I'm all done. Let's play another game.


----------



## IM4Swine (Apr 17, 2007)

But I'm not done with my homework yet.


----------



## Ice Cream (Apr 17, 2007)

You can finish it later. Let's play slapjacks.


----------



## Ice Cream (Apr 17, 2007)

I won again.


----------



## Ice Cream (Apr 17, 2007)

You can work on your homework now while I read this castle book.


----------



## Ice Cream (Apr 17, 2007)

I love castles! Can we go visit a castle sometime?


----------



## IM4Swine (Apr 17, 2007)

I would love to visit a castle, too, but we probably won't be able to anytime soon.


----------



## Ice Cream (Apr 18, 2007)

Aw.

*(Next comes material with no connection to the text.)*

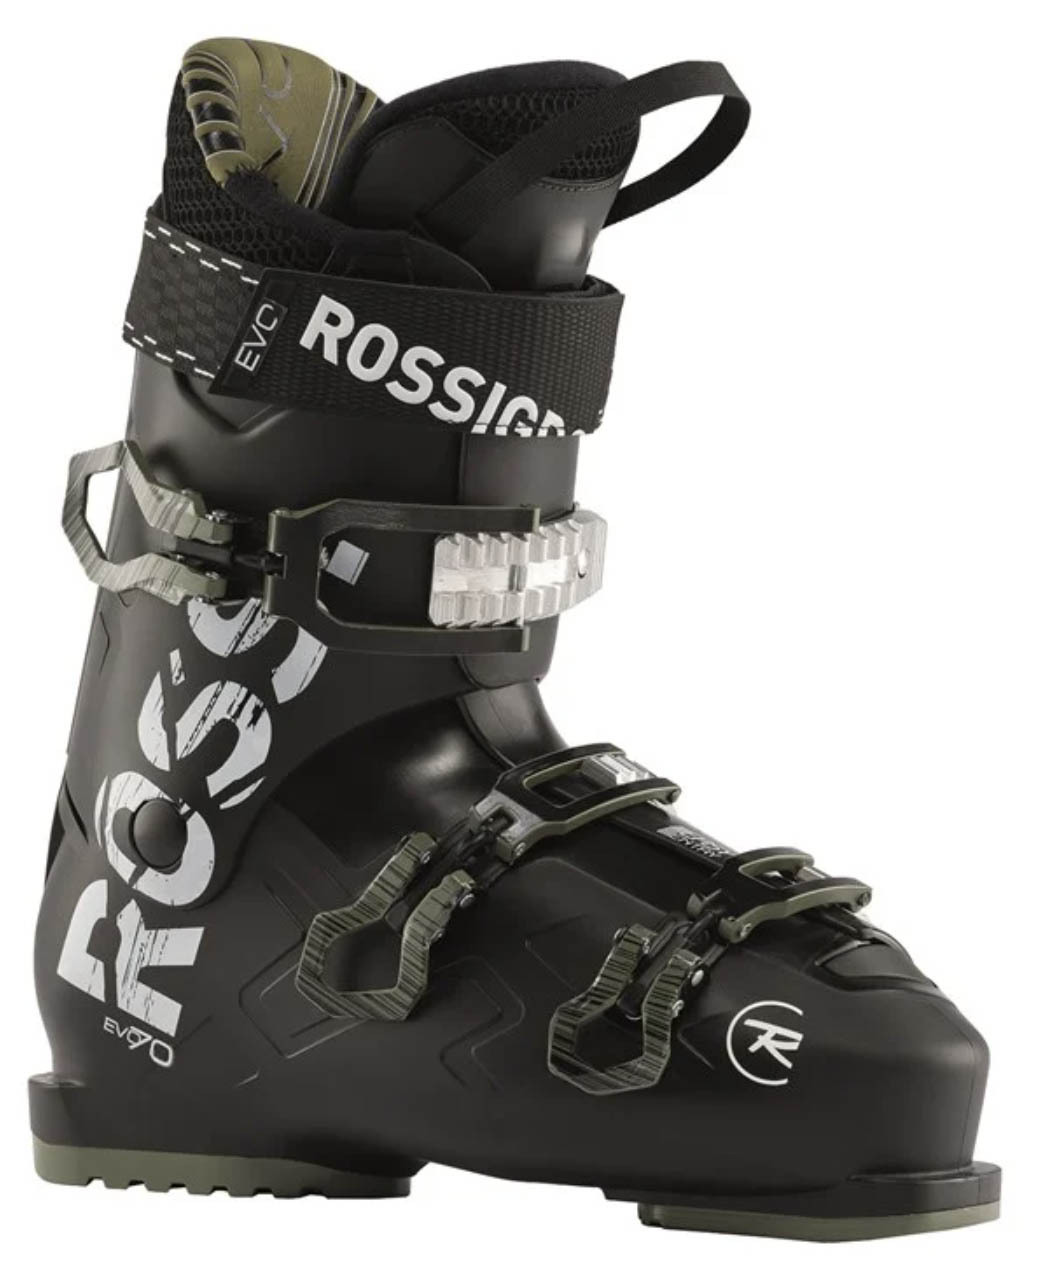 Rossignol Evo 70 ski boot

Too bad. I really wanted to gosee a castle.


----------



## Ice Cream (Apr 20, 2007)

Do you want me to help you clean the kitchen?


----------



## Ice Cream (Apr 20, 2007)

I think I'll go play computer now.


----------



## Ice Cream (Apr 20, 2007)

I need to post some more pictures on my blog and see if I have any PMs.


----------



## Ice Cream (Apr 20, 2007)

It's getting late. I'll get off the computer now and read a book.


----------



## Ice Cream (Apr 20, 2007)

Now I am going to get comfortable, watch TV, and eat a nice, big bowl of _ice cream._


----------